Official title: Fludarabine monophosphate followed by Iodine I 131 Tositumomab for untreated low-grade and follicular non-Hodgkin's lymphoma
Trial description: This is a single-arm, single institution, phase II study of fludarabine monophosphate followed by Iodine I 131 Tositumomab for patients with previously untreated, advanced-stage (stage III or IV) low-grade, transformed low-grade and follicular non-Hodgkin's lymphoma. The primary objective of the study will be to evaluate the safety of this treatment combination and the secondary endpoint will be to evaluate efficacy.
Primary purpose:
Treatment
Trial design:
Single Group Assignment
Masking:
None (Open Label)
Allocation:
Not applicable
Primary outcomes:

Number of participants with any adverse event (AE)

Timeframe: First day of fludarabine cycle 1 to day prior to TST and iodine I 131 TST dosimetric dose (DD) (Week -16 to Week 1); Day of TST and iodine I 131 TST DD to database release (Week 1 to Week 520)

Number of participants with any treatment-related adverse event (TRAE)

Timeframe: First day of fludarabine cycle 1 to day prior to TST and iodine I 131 TST DD (Week -16 to Week 1); Day of TST and iodine I 131 TST DD to database release (Week 1 to Week 520)
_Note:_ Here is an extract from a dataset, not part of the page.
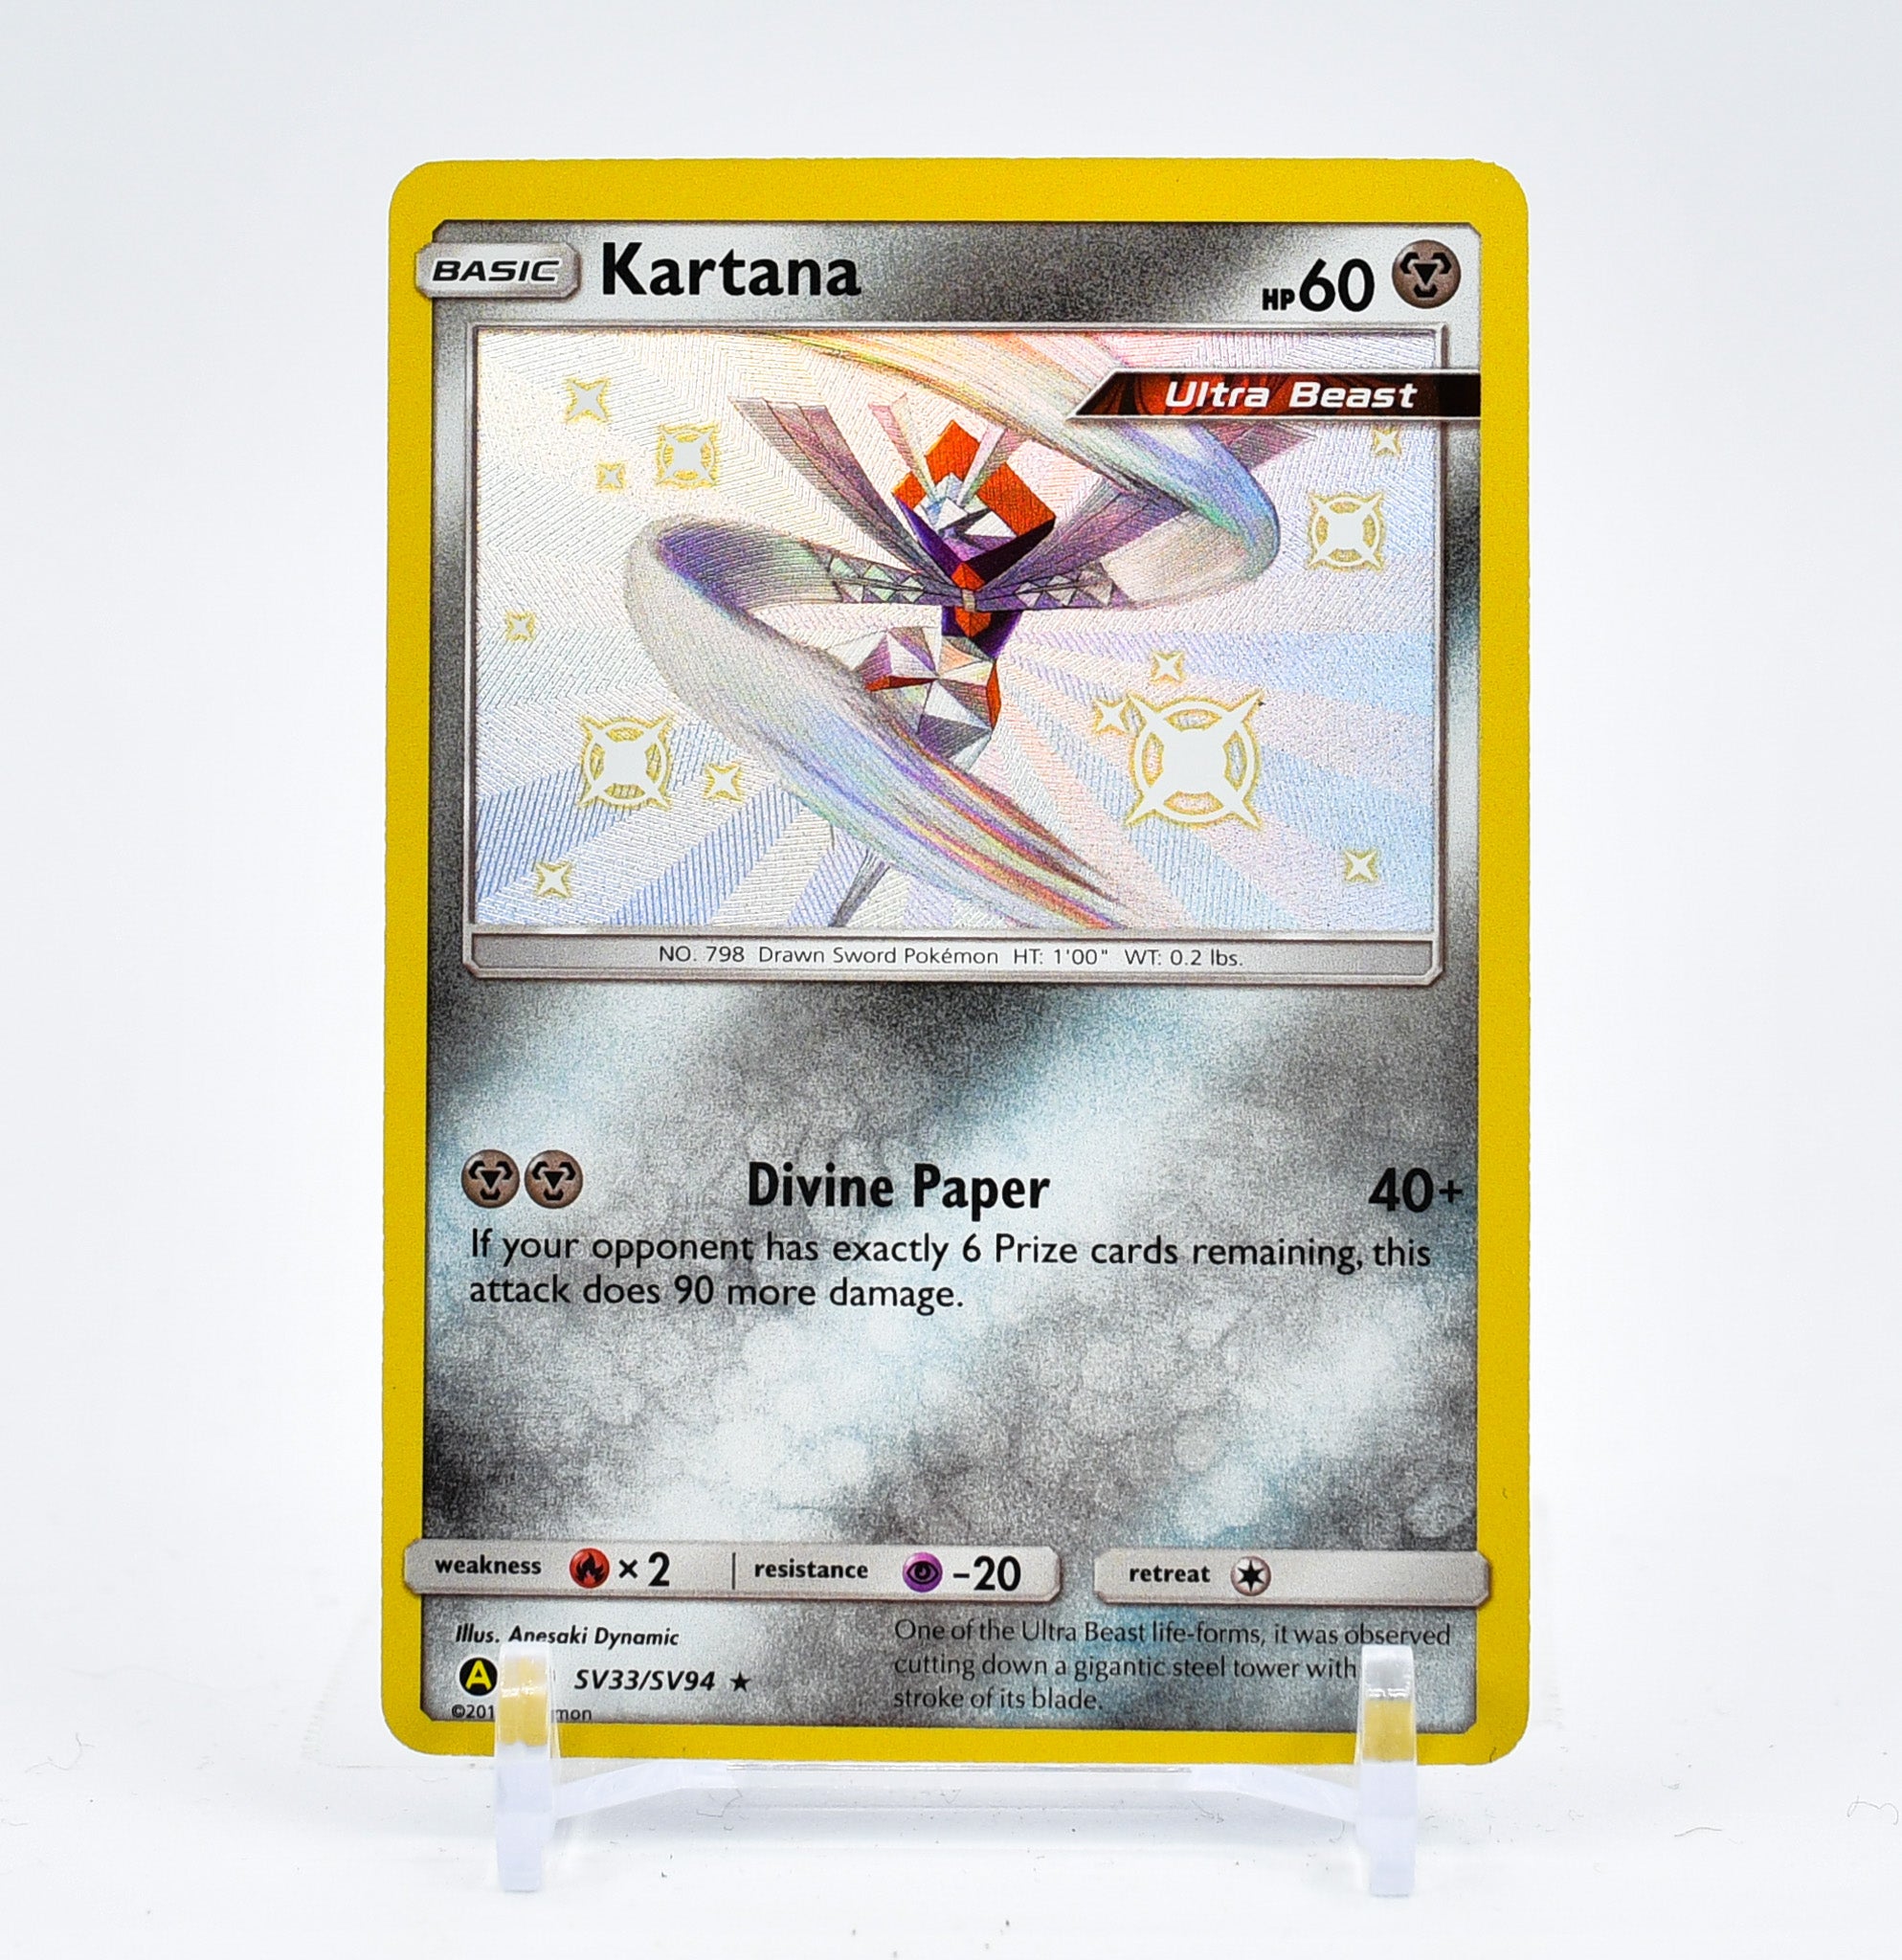 Kartana - SV33/SV94 - Shiny Holo Rare - Pokemon Singles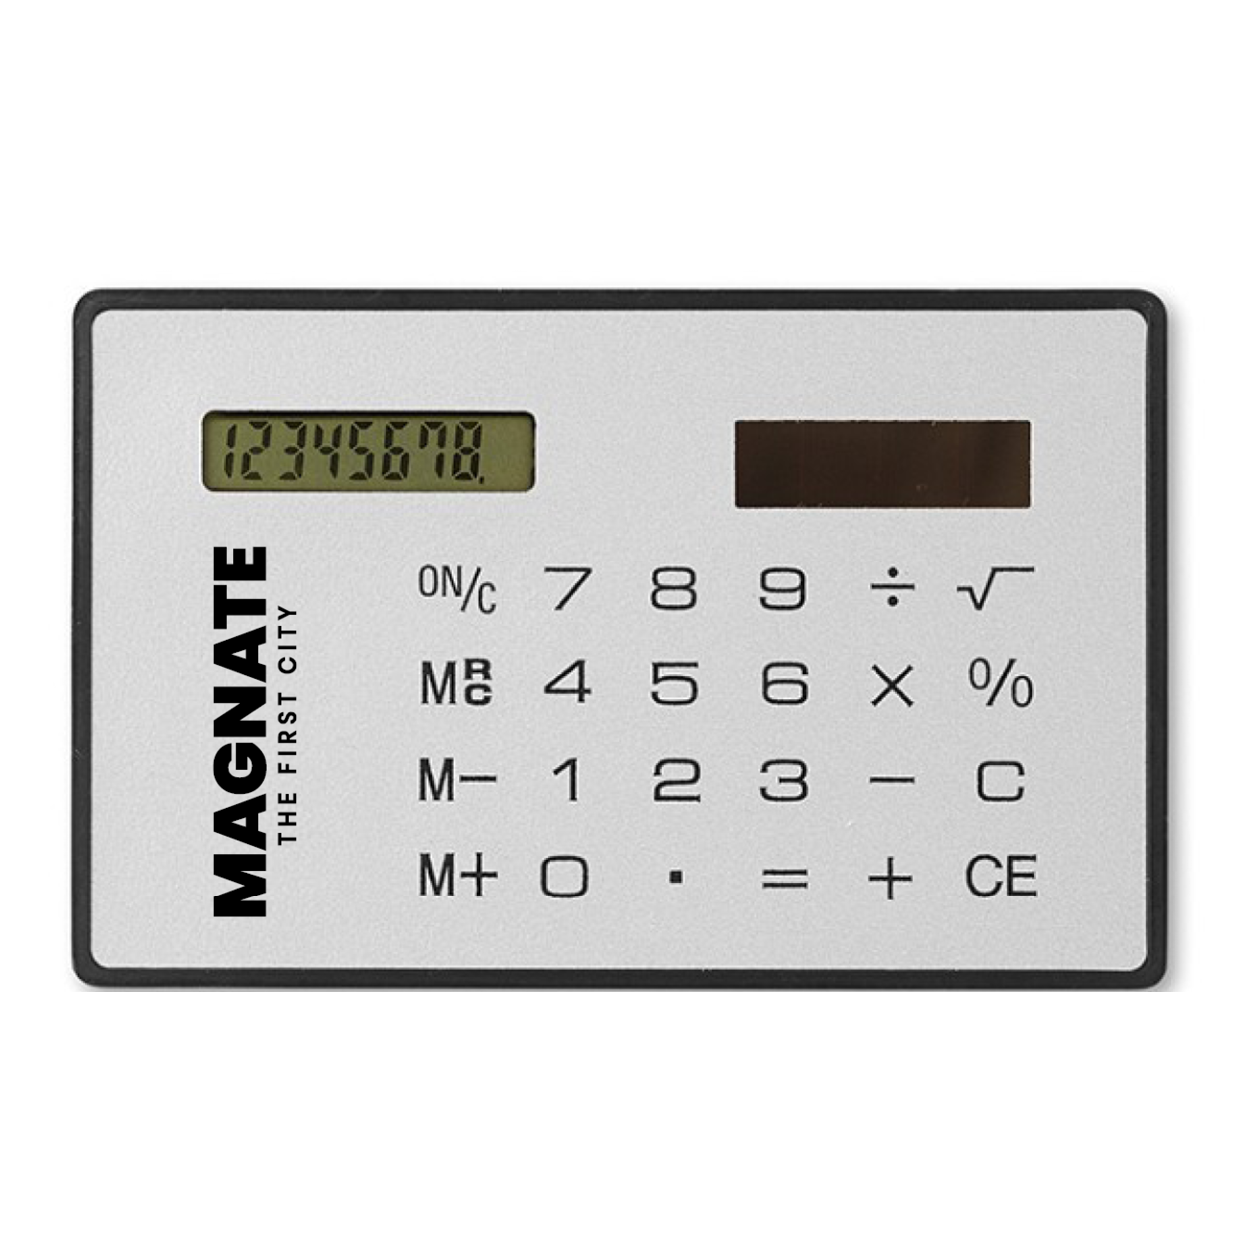 Magnate branded calculator

Number of participants with any grade 3 or grade 4 adverse event

Timeframe: First day of fludarabine cycle 1 to day prior to TST and iodine I 131 TST DD (Week -16 to Week 1); Day of TST and iodine I 131 TST DD to database release (Week 1 to Week 520)

Number of participants with any treatment-related grade 3 or grade 4 adverse event

Timeframe: First day of fludarabine cycle 1 to day prior to TST and iodine I 131 TST DD (Week -16 to Week 1); Day of TST and iodine I 131 TST DD to database release (Week 1 to Week 520)

Number of participants with any serious adverse event (SAE)

Timeframe: First day of fludarabine cycle 1 to day prior to TST and iodine I 131 TST DD (Week -16 to Week 1); Day of TST and iodine I 131 TST DD to database release (Week 1 to Week 520)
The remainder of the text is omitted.